Ze względów bezpieczeństwa, wszyscy uczniowie w Polsce – w tym także w klasach 1-3 – uczą się zdalnie. W całym kraju zalecana jest także pracę on-line – wszędzie tam, gdzie jest to możliwe.

Wolno jeszcze się przemieszczać, ale rząd zapowiada, że stawia na bezpieczeństwo, a więc maksymalne ograniczane kontaktów i myśli w jaki sposób można zakazać podróżowania. Wprowadzony przy wcześniejszych obostrzeniach okazał się niezgodny z podstawowymi prawami zawartymi w Konstytucji. Orzekł to Naczelny Sąd Administracyjny. Można się spodziewać, że twardy lockdown pojawiający się w rządowych ostrzeżeniach będzie całkowitym zamknięciem z zakazem wychodzenia z domu bez ważnego powodu.

 

Niepewność i frustracja

Porównując obecne przestrzeganie obostrzeń z podobnym czasem z przed roku, widać że ludziom znudziła się już walka z koronawirusem. Z rozmów wynika, że nie wszyscy wierzą nie tylko w ilość zakażeń, czy jego zakaźność ale nawet w istnienie SARS-CoV-2. Czytelnicy interweniują także w sprawie przestrzegania obostrzeń. Zwracają uwagę na załadowane do pełna autobusy, kościoły w których jest znacznie więcej niż wyznaczona norma wiernych, ludzi którzy maseczek nie mają zamiaru nosić. – Nikt tego nie sprawdza. Wprowadzają zakazy i nawet sami do nich się nie stosują – komentują. Do tego dochodzą sprzeczne informacje i niepewność. Właściciele zamykanych firm narzekają, że pozostawiono ich na lodzie. Rząd zapewnia, że pomoc płynie.

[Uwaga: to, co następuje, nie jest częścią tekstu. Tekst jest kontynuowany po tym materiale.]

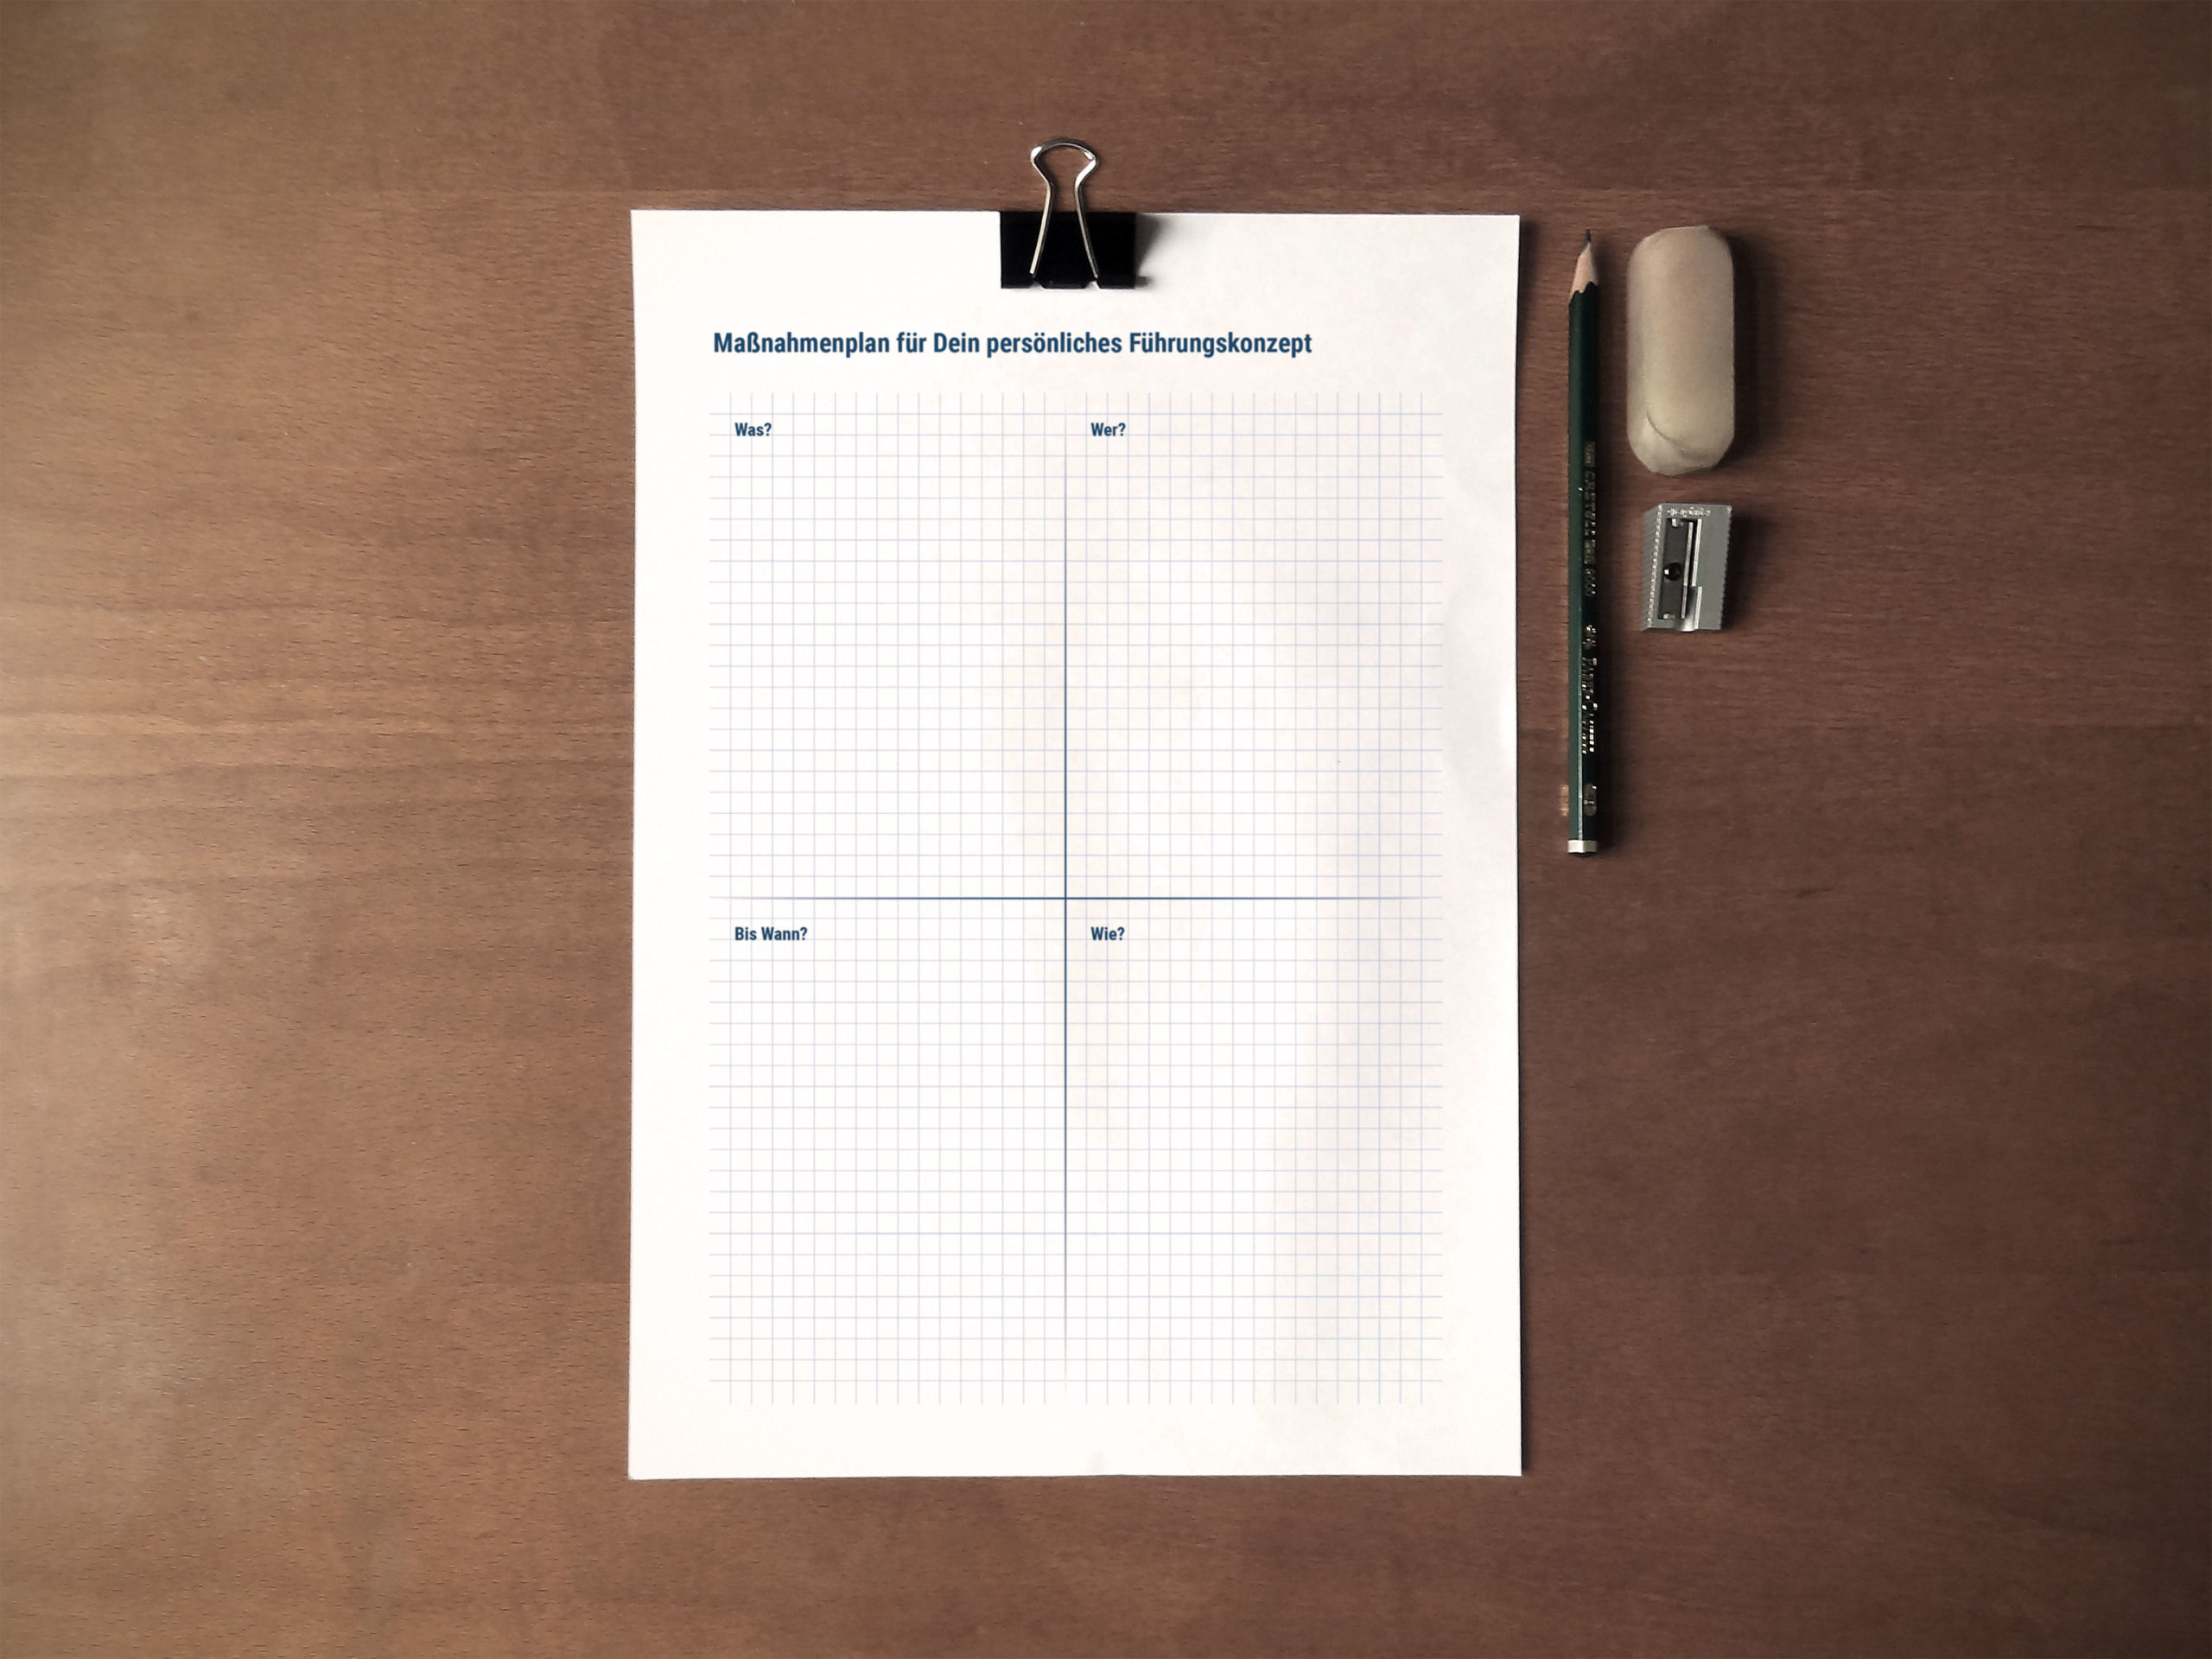 Maßnahmeplan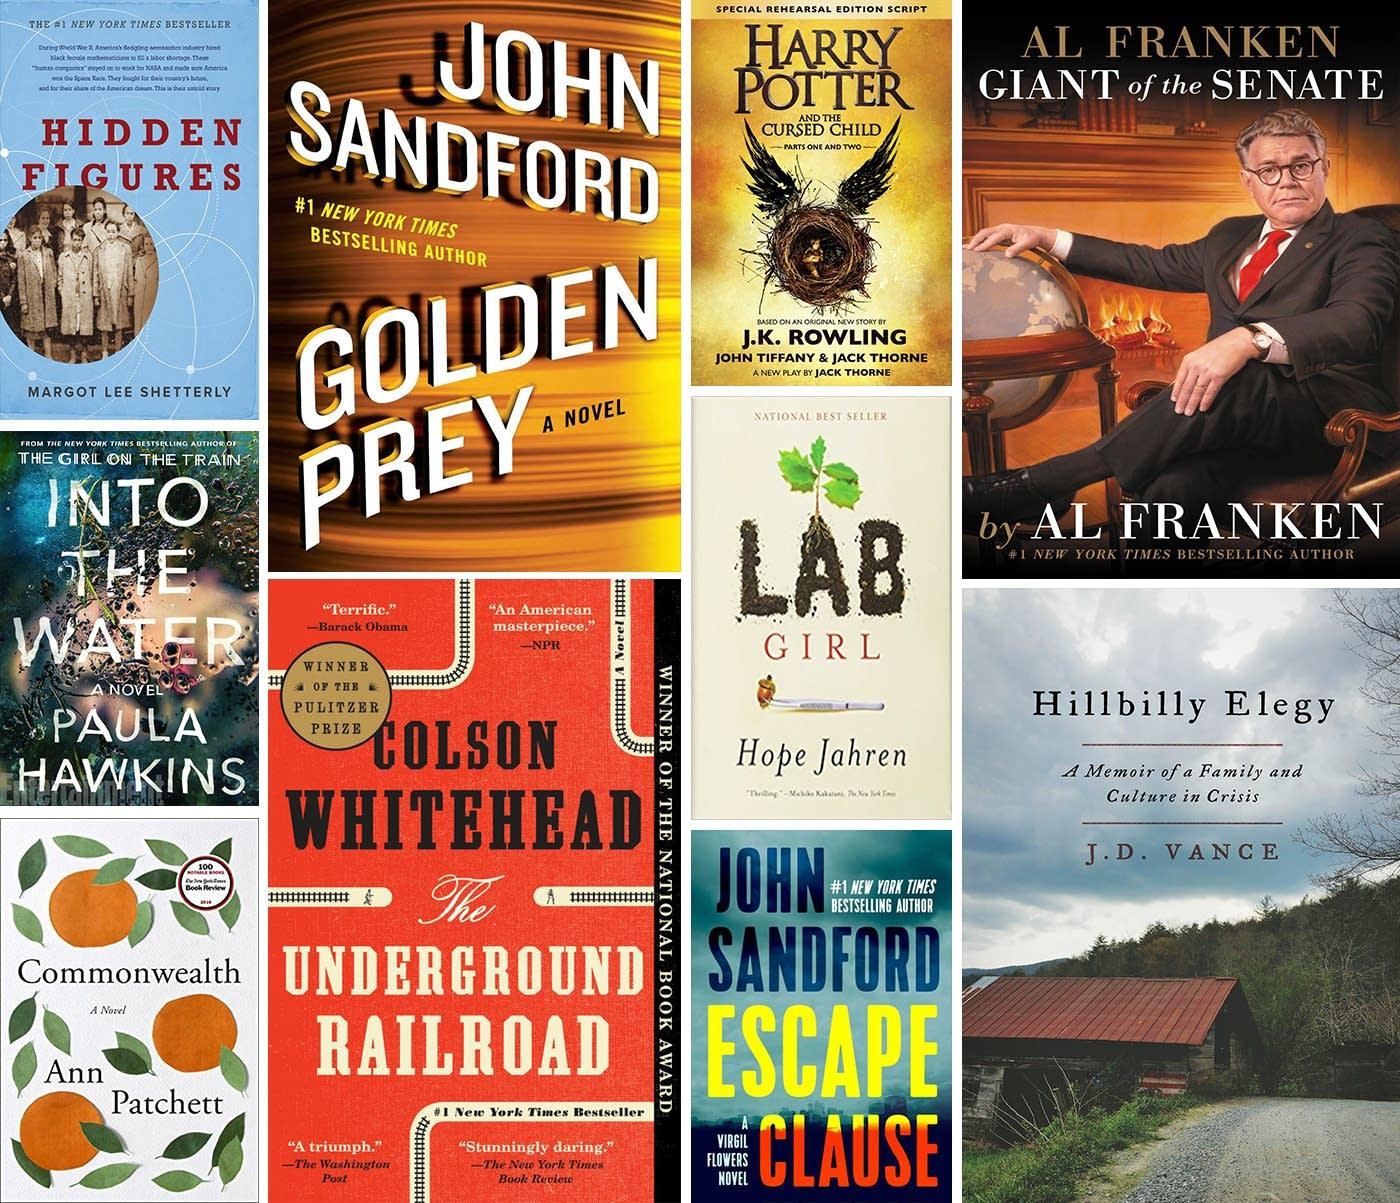 Saint Paul Public Library favorites for 2017

Trwająca już rok pandemia spowodowała potężny bałagan informacyjny. Wśród zwykłych ludzi panuje przekonanie, że przynajmniej część obostrzeń wprowadzono według widzimisię decydujących, a to pociąga za sobą obchodzenie zakazów. Ludzie żyją w niepewności. Sfrustrowani działaniami, które miały dać efekty, a nic nie przyniosły. Słychać tylko o kolejnych zakażonych i coraz częściej ktoś ze znajomych trafia do szpitala.